Так что вот тебе, киска, пакет китикета, вот, старушка, тебе на картинку «Спасибо» в ответ, а Гомеру (чего еще ждать от поэта?) зарифмованный варварски варварский этот куплет.
Если встретит поэт поэта в былые года, расцветали вокруг них рифмы, словно пионы. Если кто и подтрунивал исподтишка, то не зло, а весело, благосклонно.
И на это глядя, читатель (а все они, как и люди все, очень близки к обезьянам) благосклонно приветствовал новый стих, и вобще ни в чем не искал изъяна.
А сейчас, если встретит поэт поэта, – тогда беда. Он трясется, визжит, от ярости пламенеет. Если даже похвалит кого-нибудь иногда, через пять минут об этом он пожалеет. А читатель… Впрочем, не будем плести обман: ну, какой сейчас у стихов читатель! Вот поэтому резко упал гонорар, и презрительно губы кривит издатель.
И, казалось бы, выход пленительно прост: сотоварищей надо любить учиться, не тогда, когда бренное тело везут на погост, а когда ближайшая встреча случится… Но мои слова, к несчастью, пропали зря, потому что я тоже поэт (пусть безвестный). И встречаясь с собратом, я вижу: беда. И молчу. Хоть трудно молчать, если честно.

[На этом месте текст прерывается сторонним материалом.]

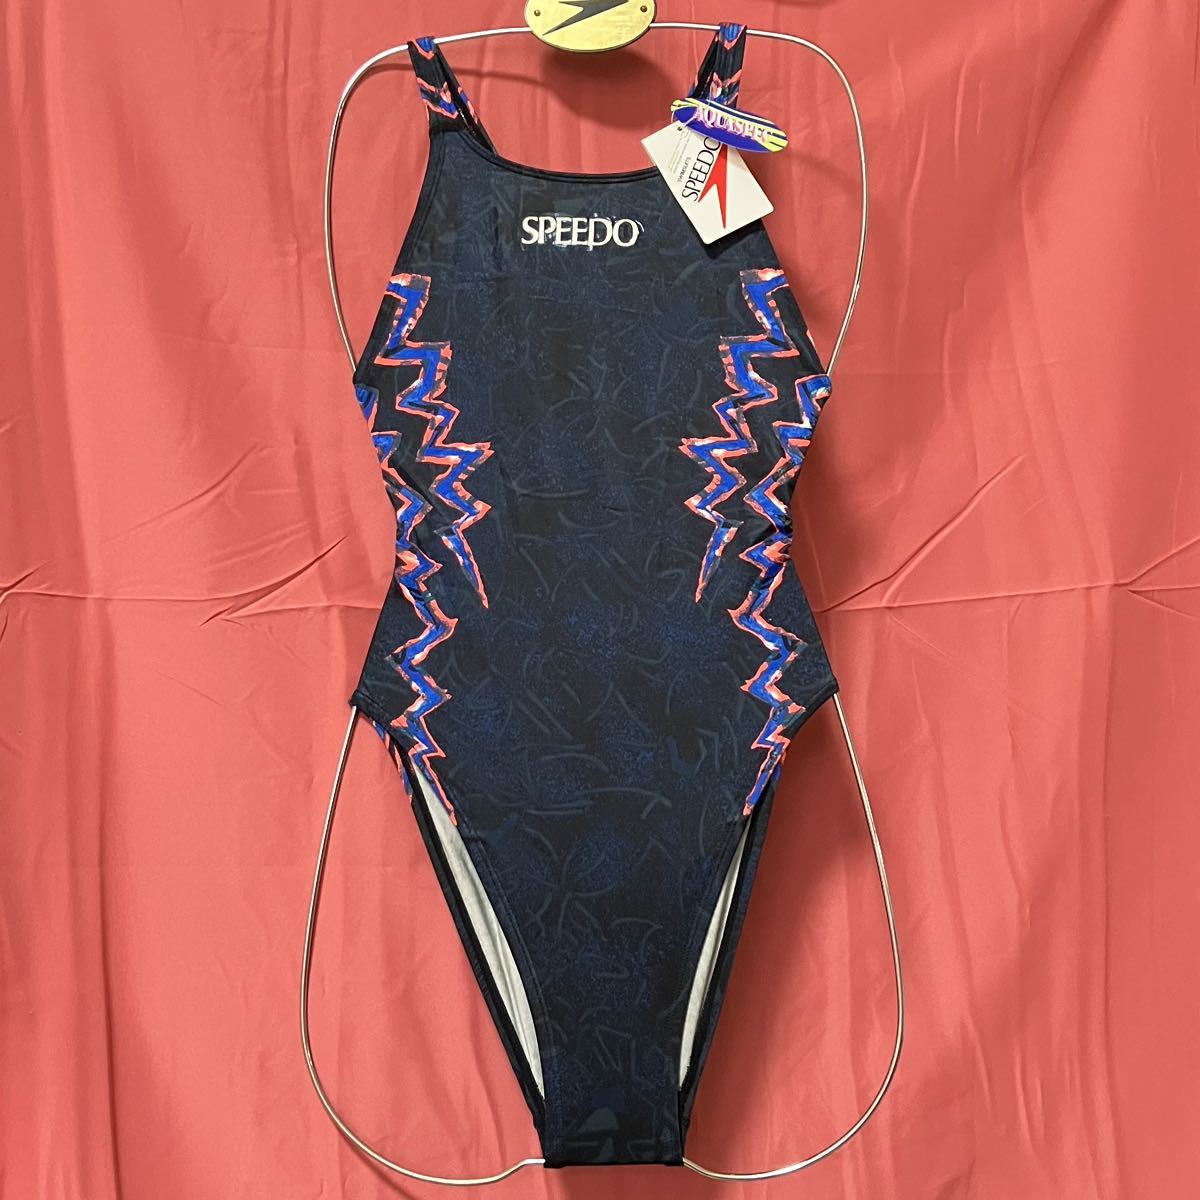 MIZUNO SPEEDO 競泳水着 ミズノ スピード ハイレグ ハイカット 83OE-60809 グラビア水着 ビンテージ 当時物 廃盤 Lサイズ  レトロ

Раскольников сядет. Всем это понятно. Об этом судачат на плешке все бляди. Он сделал, что сделал. Пути нет обратно. Он очень не хочет, но всё-таки сядет.
В приличном романе нет места сомненью. И фанфики нехотя это докажут. Идет наказание за преступленьем. На площадь притащут, прилюдно повяжут, заставят упасть на колени и плакать, пространства тебе не оставят ни пяди. Да, место тебе – не трибуна, а паперть. И без покаянья Раскольников сядет.
Присяжные выслушают адвоката, но их убедить он, конечно, не сможет. Раскольников сядет. Всем это понятно. Партеру, галерке, скучающим в ложе.
И, я подчеркну, в неизбежности этой отчаянья нет. Снисходительно глядя сквозь пыльное жаркое мрачное лето, Господь предрешил, что Раскольников сядет.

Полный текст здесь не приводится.